Collected data:
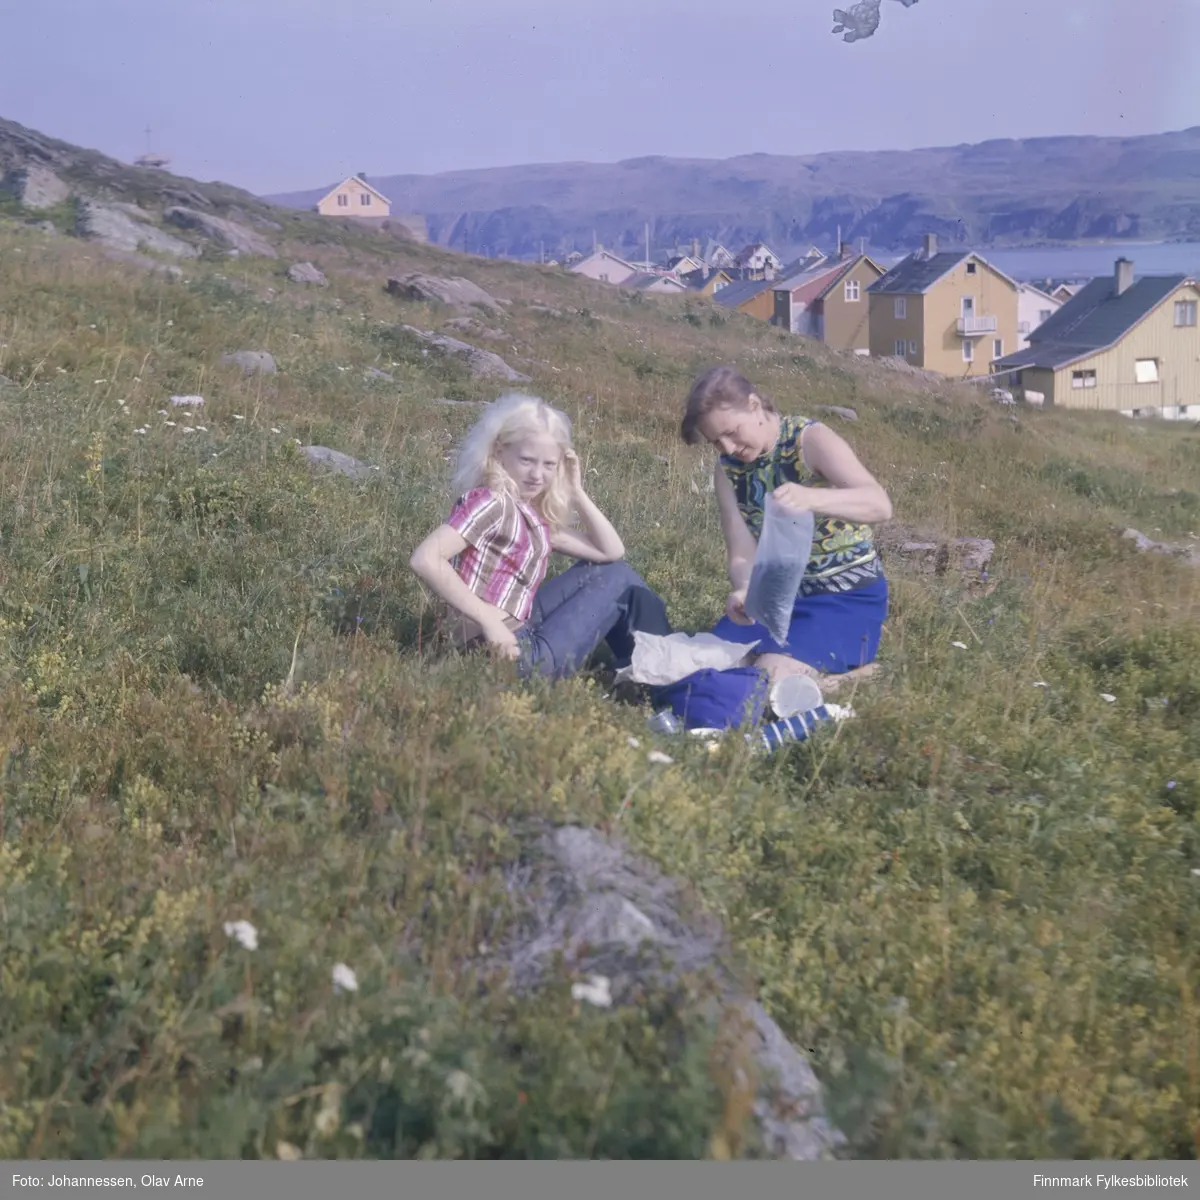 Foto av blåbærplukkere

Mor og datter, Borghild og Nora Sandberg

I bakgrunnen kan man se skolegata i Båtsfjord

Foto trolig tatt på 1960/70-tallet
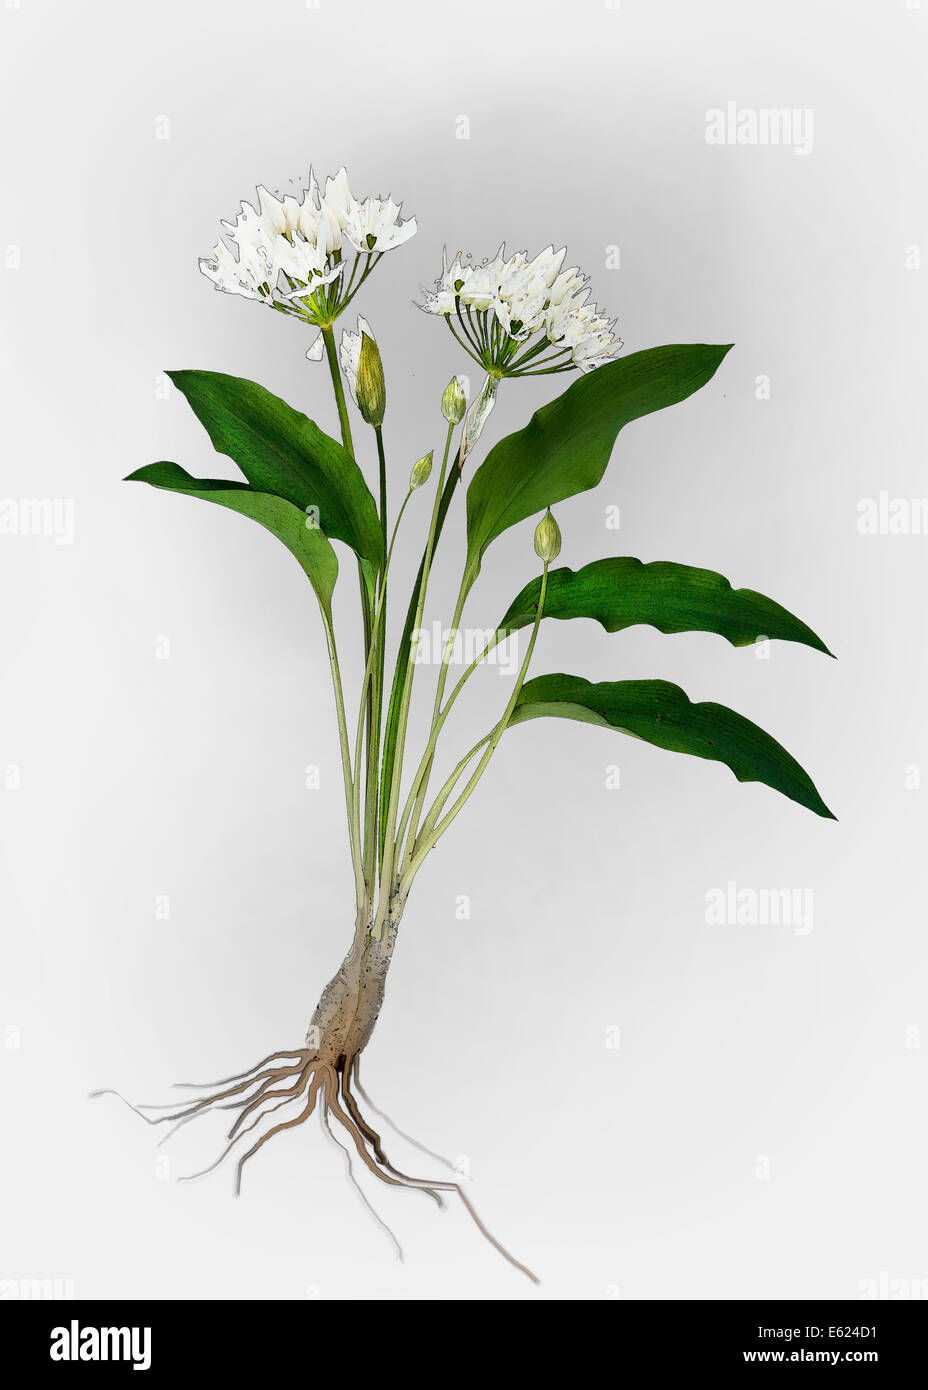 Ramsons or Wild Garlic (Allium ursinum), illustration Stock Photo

### Work instructions
Return all the records exactly, excluding images.

### Exercise answer
 Foto av blåbærplukkere

Mor og datter, Borghild og Nora Sandberg

I bakgrunnen kan man se skolegata i Båtsfjord

Foto trolig tatt på 1960/70-tallet
 Ramsons or Wild Garlic (Allium ursinum), illustration Stock Photo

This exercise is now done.